The NPTC would require some commitment on the part of Nebraska generating
entities and purchasing entities. Sellers would need to adhere to
a cooperative approach and not "bid-up" pricing. Buyers
would need to be restricted from purchasing at cost-based pricing
and re-selling out-of-state for a profit.
The
NPTC basic parameters could include the following:
- All
Nebraska systems would be required to offer through the Center
their surpluses, both short and long term.
- Nebraska
systems could sell through markets other than the Center only
after no offers have been accepted by other Nebraska consumer-owned
systems.
- Nebraska
systems are required to purchase from the Center when the price
quoted to the Center is less than the alternative including transmission
and other fees.
- The
price for offers through the Center would be cost plus an administrative
fee.
- Appropriate
timing would have to be established so that surpluses could be
offered and sold out-of-state if there were no Nebraska acceptances
of offers through the Center.
- Purchases
from the Center could not be resold at wholesale by the purchaser
to others without a reoffer through the Center.
The
Transaction Center would require either contractual agreements,
state policy guidelines and rules, or both, that would be consistent
with federal and state law. While commitments from the Nebraska
systems would be necessary, the Transaction Center would also require
flexibility to evolve with the market system. This option could
provide security for wholesale pricing in the state, but it may
lack the market presence that might be provided by a statewide Generation
Cooperative.
5.3.3.2
Nebraska Generation Cooperative
Another
concept to retain Nebraska's low cost generation for use by Nebraska
customers is the formation of Nebraska Generation Cooperative Company
(NGCC). As noted in Chapter 4, this structural approach could be
more advantageous than the administrative Transaction Center, or
could be created in addition to, or as an alternative to the Transaction
Center.
This
concept would also serve to identify the equity holders of the Nebraska
facilities as well as their share of the ownership since the cooperative
concept issues capital credits based on use of the cooperative.

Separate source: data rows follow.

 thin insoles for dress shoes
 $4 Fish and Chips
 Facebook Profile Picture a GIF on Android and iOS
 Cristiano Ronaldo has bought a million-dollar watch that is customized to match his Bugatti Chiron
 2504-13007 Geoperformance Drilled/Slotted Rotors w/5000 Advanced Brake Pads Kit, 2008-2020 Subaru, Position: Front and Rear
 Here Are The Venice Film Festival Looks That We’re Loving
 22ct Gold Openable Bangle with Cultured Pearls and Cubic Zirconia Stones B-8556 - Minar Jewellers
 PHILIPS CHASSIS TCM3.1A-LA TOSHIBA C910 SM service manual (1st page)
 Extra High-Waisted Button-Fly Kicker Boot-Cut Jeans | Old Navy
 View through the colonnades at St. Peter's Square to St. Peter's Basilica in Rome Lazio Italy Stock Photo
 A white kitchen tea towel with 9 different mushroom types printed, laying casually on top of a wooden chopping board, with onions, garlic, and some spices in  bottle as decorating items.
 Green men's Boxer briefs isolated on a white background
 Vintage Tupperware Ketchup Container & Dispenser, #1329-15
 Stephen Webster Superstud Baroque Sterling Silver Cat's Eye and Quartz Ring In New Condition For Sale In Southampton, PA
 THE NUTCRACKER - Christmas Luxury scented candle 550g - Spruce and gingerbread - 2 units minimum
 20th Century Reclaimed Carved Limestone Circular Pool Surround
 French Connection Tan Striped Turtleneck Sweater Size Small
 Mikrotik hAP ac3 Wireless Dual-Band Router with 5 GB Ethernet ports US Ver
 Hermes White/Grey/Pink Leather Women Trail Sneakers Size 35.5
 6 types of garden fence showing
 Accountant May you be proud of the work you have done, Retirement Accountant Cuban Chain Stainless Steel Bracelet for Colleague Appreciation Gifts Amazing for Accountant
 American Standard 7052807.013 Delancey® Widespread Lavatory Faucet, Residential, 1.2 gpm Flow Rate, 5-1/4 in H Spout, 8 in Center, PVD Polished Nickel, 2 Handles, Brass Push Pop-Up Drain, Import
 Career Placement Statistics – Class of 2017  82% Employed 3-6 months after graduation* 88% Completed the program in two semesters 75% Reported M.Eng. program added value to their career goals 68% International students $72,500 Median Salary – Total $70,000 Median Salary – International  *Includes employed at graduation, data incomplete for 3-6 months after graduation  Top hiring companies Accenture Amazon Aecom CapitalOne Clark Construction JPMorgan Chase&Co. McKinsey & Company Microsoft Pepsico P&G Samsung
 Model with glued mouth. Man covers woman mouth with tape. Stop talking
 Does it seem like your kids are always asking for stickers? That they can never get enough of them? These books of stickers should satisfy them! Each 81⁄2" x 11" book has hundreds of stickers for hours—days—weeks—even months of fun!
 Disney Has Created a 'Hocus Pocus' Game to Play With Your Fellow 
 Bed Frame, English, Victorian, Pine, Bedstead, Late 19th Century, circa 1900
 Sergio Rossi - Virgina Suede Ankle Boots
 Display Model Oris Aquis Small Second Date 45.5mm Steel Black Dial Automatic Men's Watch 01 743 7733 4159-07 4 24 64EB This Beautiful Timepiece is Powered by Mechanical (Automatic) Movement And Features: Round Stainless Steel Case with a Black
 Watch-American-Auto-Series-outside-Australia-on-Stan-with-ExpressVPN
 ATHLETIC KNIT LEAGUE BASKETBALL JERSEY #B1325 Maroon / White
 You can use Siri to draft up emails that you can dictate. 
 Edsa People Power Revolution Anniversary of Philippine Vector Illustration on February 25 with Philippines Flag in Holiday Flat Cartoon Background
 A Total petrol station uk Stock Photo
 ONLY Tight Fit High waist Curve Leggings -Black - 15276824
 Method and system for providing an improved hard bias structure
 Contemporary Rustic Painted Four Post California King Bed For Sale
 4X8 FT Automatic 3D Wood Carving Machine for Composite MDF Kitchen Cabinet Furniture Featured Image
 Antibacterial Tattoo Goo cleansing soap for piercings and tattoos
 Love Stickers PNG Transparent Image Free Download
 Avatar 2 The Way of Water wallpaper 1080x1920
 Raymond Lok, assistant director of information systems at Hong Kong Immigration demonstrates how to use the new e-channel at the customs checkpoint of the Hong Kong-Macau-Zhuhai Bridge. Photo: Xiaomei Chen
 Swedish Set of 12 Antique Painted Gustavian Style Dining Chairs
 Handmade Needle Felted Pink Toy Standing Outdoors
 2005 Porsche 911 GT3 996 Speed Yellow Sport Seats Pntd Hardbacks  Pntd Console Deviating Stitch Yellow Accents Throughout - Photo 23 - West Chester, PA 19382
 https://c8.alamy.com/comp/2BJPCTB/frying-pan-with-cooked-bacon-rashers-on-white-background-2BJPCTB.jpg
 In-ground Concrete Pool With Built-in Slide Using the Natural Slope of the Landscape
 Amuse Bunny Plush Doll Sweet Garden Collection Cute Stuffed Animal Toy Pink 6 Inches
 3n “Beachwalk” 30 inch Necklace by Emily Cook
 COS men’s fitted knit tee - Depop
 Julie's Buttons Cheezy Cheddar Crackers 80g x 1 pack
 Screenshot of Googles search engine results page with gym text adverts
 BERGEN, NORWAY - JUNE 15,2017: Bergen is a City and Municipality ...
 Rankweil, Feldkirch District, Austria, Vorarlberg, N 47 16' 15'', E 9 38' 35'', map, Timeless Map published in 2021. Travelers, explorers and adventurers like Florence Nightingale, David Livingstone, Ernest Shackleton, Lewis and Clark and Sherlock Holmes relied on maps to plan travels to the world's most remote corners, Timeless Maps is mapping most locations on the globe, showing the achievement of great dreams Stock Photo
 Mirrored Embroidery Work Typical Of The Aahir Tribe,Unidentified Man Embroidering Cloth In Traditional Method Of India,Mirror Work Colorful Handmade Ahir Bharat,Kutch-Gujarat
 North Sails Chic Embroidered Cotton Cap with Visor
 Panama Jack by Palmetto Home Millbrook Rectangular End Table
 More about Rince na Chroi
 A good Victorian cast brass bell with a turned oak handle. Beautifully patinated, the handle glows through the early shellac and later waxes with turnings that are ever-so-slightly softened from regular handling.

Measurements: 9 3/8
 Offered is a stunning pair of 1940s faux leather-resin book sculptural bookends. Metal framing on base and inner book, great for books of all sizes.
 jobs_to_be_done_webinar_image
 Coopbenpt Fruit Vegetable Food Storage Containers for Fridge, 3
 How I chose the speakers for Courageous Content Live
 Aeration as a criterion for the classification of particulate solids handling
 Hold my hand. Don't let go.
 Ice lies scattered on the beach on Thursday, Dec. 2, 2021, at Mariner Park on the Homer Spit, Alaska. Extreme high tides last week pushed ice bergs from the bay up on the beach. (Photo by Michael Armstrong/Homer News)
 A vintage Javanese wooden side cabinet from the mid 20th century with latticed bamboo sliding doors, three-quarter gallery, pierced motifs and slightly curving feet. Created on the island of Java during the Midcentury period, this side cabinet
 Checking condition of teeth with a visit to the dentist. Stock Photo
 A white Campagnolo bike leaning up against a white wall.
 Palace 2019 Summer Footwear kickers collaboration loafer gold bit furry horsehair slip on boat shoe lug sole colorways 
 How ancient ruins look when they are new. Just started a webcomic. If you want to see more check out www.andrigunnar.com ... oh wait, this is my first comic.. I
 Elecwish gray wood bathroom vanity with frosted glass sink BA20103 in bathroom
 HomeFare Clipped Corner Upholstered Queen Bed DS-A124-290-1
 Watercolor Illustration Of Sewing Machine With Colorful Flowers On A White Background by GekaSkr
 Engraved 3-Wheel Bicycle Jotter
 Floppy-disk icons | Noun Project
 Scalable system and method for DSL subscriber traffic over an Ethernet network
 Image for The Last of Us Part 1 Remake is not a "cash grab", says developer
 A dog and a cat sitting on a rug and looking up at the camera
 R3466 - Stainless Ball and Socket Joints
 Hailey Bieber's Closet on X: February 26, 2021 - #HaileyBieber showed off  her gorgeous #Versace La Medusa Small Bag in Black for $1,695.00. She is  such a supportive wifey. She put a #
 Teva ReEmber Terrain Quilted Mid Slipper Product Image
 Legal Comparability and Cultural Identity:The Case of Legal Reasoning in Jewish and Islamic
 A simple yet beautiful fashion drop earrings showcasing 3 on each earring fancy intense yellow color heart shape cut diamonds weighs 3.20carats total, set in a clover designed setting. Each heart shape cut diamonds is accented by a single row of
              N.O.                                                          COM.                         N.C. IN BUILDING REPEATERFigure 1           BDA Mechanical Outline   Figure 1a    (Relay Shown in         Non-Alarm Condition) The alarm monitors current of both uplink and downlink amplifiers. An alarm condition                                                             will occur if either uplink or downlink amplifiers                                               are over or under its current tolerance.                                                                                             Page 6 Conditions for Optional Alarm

Therefore, this concept has the ability to retain consumer ownership
in an open access retail competition environment. A cooperative
could become involved in products and services that a public power
district and possibly a municipality cannot. Also a large consolidated
organization could provide the consumer-owned systems with a greater
competitive presence to balance that of large holding companies.
The NGCC could also provide more options to stay competitive in
an open retail access market, or to address competitive pressures
in a Modified Current Structure.
The
NGCC could operate with central dispatch similar to a closed or
tight power pool from which all wholesale and retail distribution
entities in Nebraska could purchase power on an equitable basis.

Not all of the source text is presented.